The John S. McCain III, Daniel K. Akaka, and Samuel R. Johnson VA Maintaining Internal Systems and Strengthening Integrated Outside Networks Act of 2018,  or VA MISSION Act (P.L. 115-182), established the new CCN for veterans, including new eligibility criteria for care and access to more health care providers outside of the VA [see Washington Highlights, May 4, 2018, and April 19, 2019]. CCN began implementation on June 6, 2019, and Region 1 in the northeastern United States recently completed deployment of its new provider network.

In his opening statement, new Committee Chair Jerry Moran (R-Kan.) stated the importance of an efficient and accountable implementation of CCN, both for the benefit of veterans and as a central component to the MISSION Act. Chairman Moran expressed  concerns about the VA’s ability to handle increased demand from veteran patients.

 “A recent VA OIG report predicts wait times could worsen once MISSION is in full effect. This is in addition to reports that the VA is still struggling with scheduling delays and paying community providers on time,” Sen. Moran said.

Ranking Member Jon Tester (D-Mont.) said  CCN was created by Congress to supplement, not supplant, care provided by the VA. Sen. Tester expressed disappointment that the VA does not have data on the number of appointments completed through CCN in the first eight months of the program leading up to the expected release of the president’s fiscal year 2021 budget request on Feb. 10.

In his opening statement, Dr. Stone described health care access improvements through greater reach in rural locations, new urgent care benefits, and increased telehealth utilization. Dr. Stone also highlighted the new medical school scholarship program, which will support two veterans at each of the Teague-Cranston Schools and four HBCU medical schools beginning in 2020.
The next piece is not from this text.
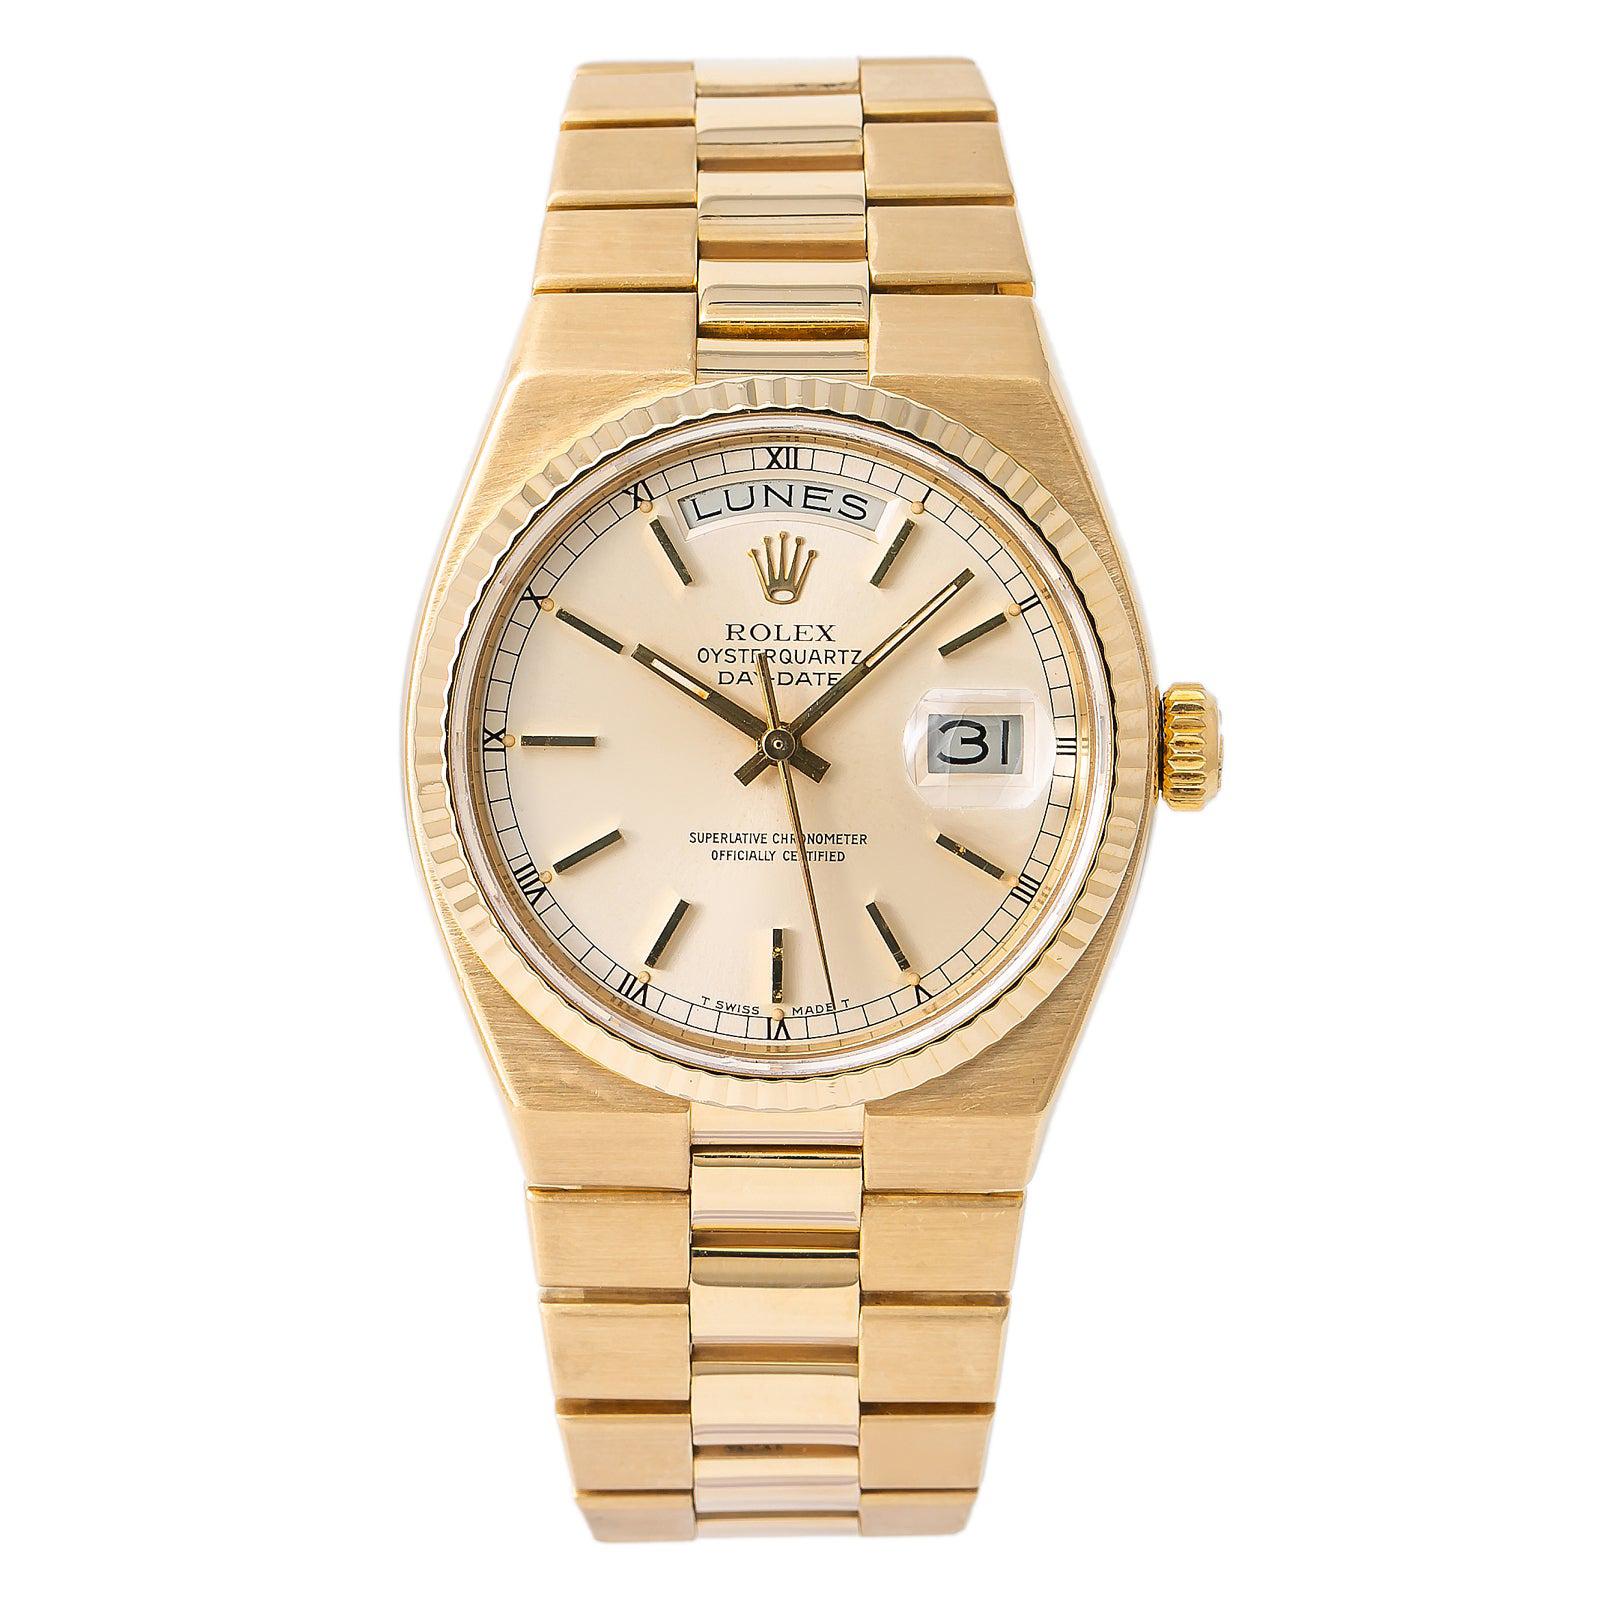 Rolex Day-Date Oyster quartz President 19018 Men Watch Silver Dial 18k Gold 36mm For Sale

During the questioning, Sen. Moran focused on challenges in implementing CCN, including the disconnect around access standards and narrow networks. Dr. Stone stated that the new network contracts are often not able to meet the access standards finalized in regulation because the commercial market is not set up to meet those standards, particularly in rural areas.

Kameron Matthews, MD, assistant undersecretary for health for community care, stated that TPAs are not required to adhere to the standards because their contracts for Regions 1-4 were finalized before the access standards were established. She added that the Region 5 request for proposal, though solicited after the regulation went into effect, includes waivers that will allow the TPAs to operationalize without meeting the standards.

Sen. Moran also commented that veterans in his state had access to more providers through the previous VA Choice program and the Patient Centered Community Care program (PC3), and that TPAs could be conducting more outreach to non-VA providers to engage them in CCN.

Several members voiced concerns about tracking the CCN budget and health care provider vacancies. In response to questioning, Dr. Stone testified that very high-cost specialists, such as neurosurgeons and gastroenterologists, are difficult to hire because of VA salary caps and more competitive salaries being available in the private sector.

Sen. Tillis (R-N.C.) described a recent heart transplant case involving a veteran receiving care through the VA, in which the procedure was performed at Duke University as an academic affiliate of the local VA Medical Center. VA MISSION Act Lead Jennifer MacDonald highlighted the partnerships with academic affiliates as a continued draw for veteran patients. Regarding the process and timing for finalizing provider participation in the new CCN, OptumServe CEO Lt. Gen. Patricia Horoho noted that it is taking longer to integrate academic affiliates into the network compared to other community providers.

While no official next steps are required, several members expressed an interest in more frequent updates from the VA on the new CCN implementation, including on costs and a utilization analysis.